* Data provided *
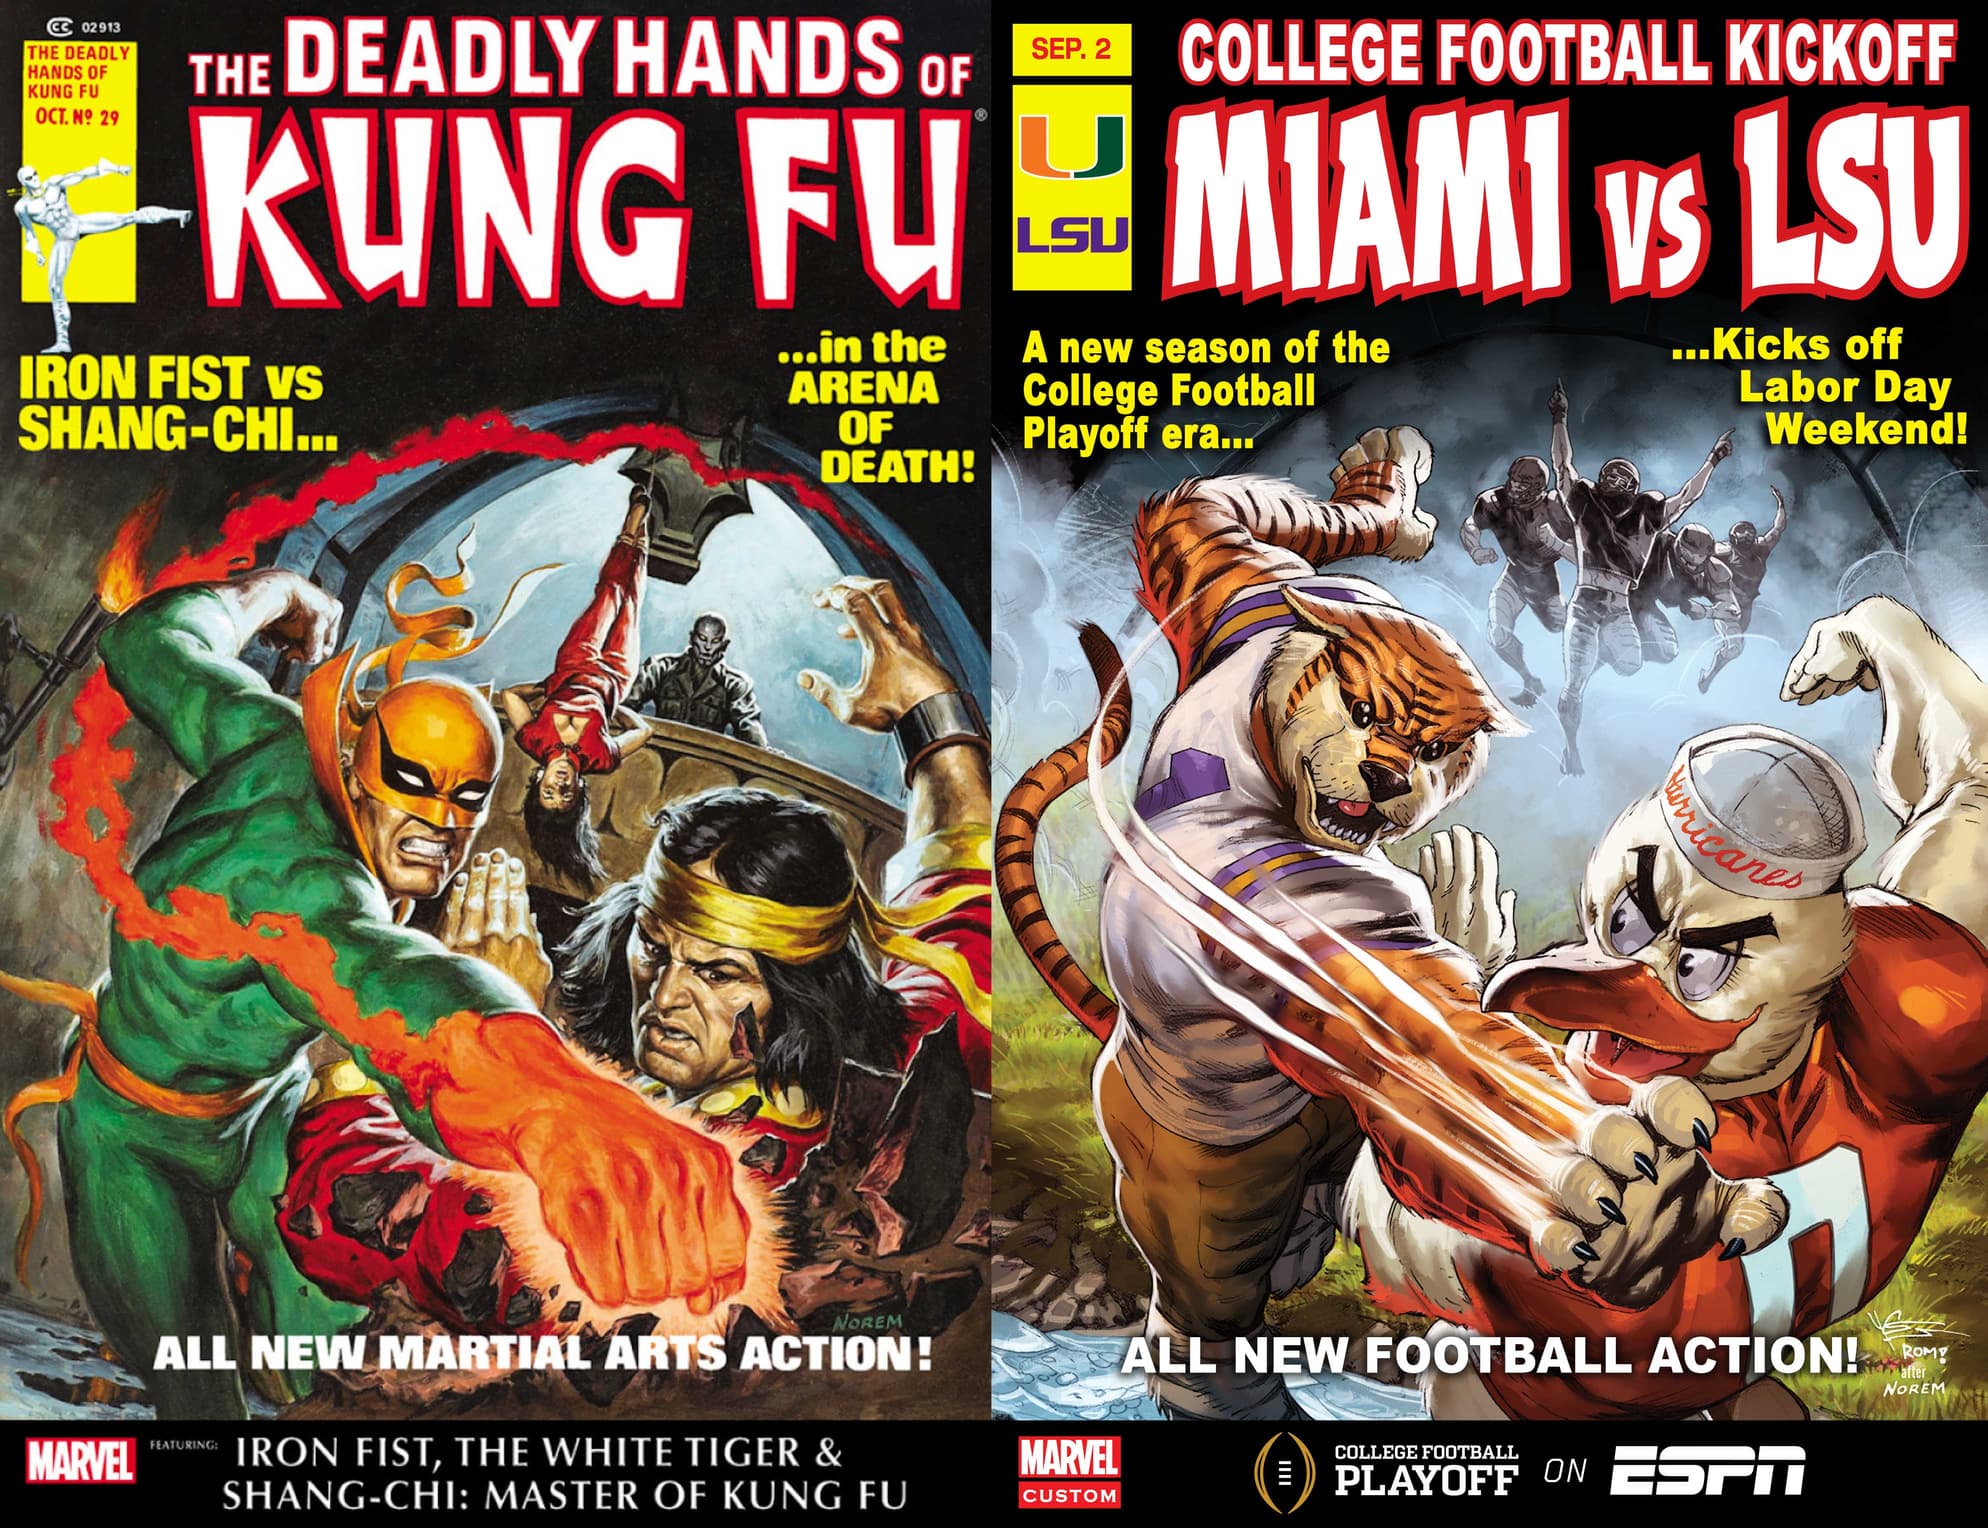 LSU vs Miami mascot cover
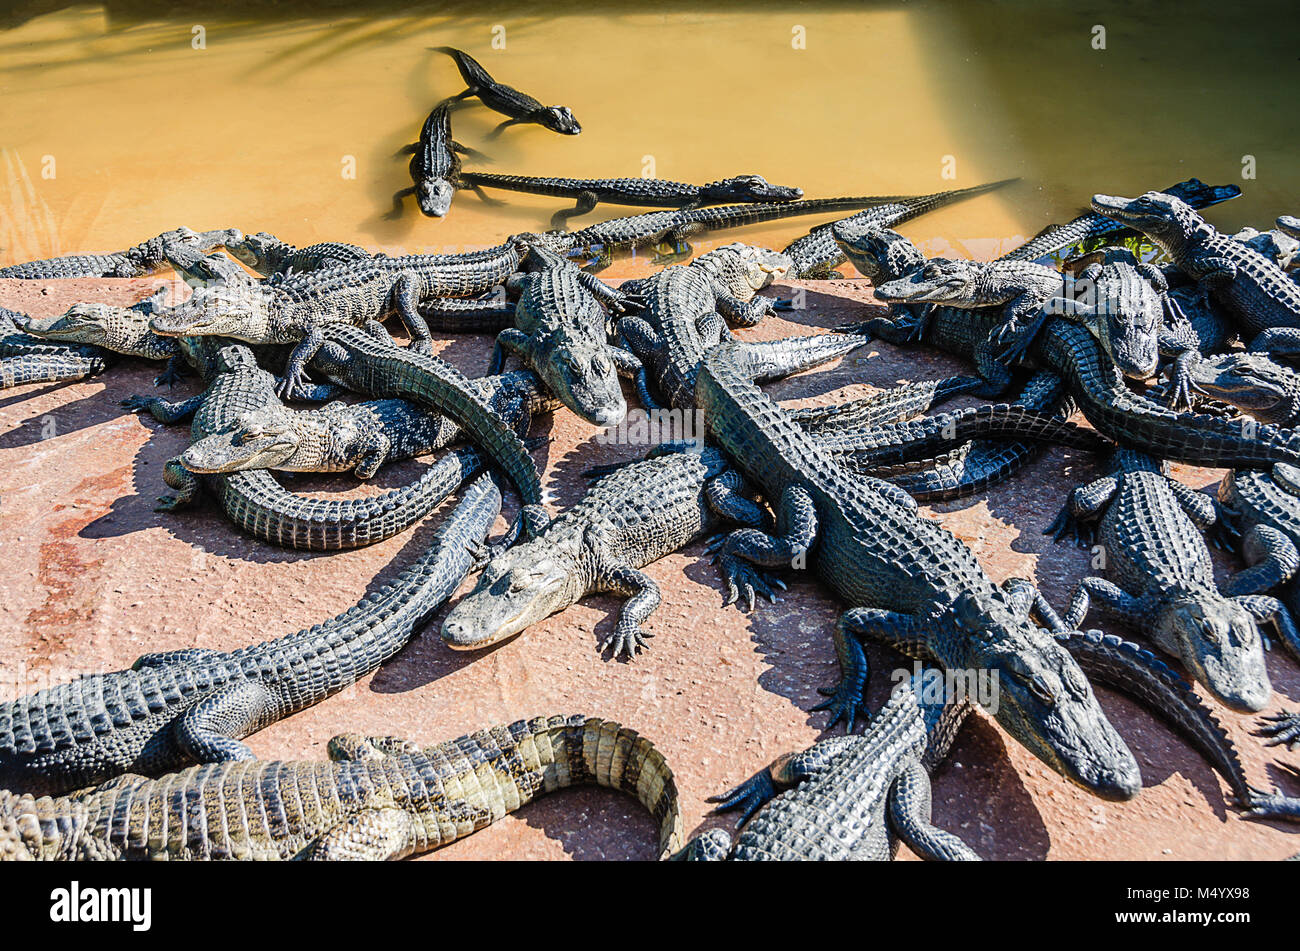 Groupe d'alligators qui sortent d'extérieure à l'Everglades Alligator Farm dans le sud de la Floride. Banque D'Images
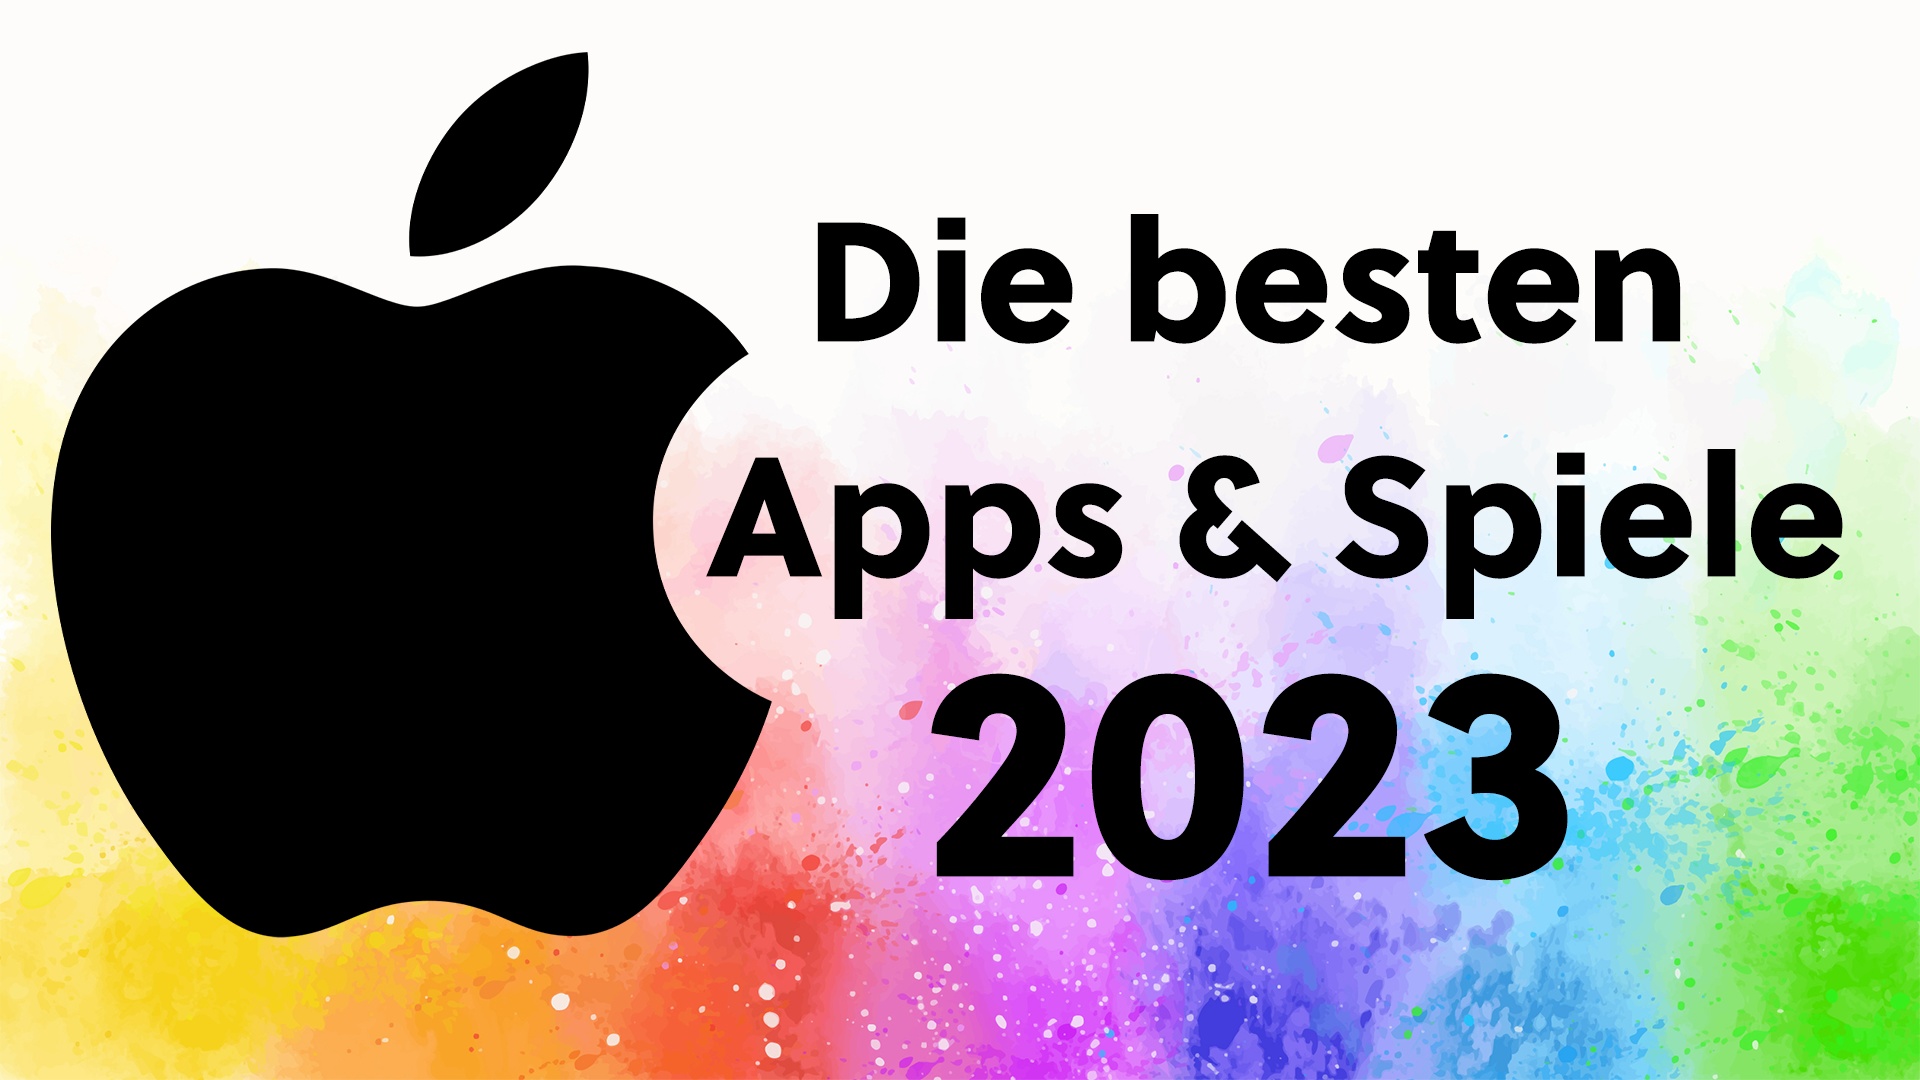 #Top 14 Apps & Spiele im Jahr 2023: Apple kürt die besten Anwendungen für iPhone, iPad, Apple Watch & Co

* Goal of the exercise *
Print all the lines above exactly as they are, but without the pictures.

* Response to this task *
 LSU vs Miami mascot cover
 Groupe d'alligators qui sortent d'extérieure à l'Everglades Alligator Farm dans le sud de la Floride. Banque D'Images
 #Top 14 Apps & Spiele im Jahr 2023: Apple kürt die besten Anwendungen für iPhone, iPad, Apple Watch & Co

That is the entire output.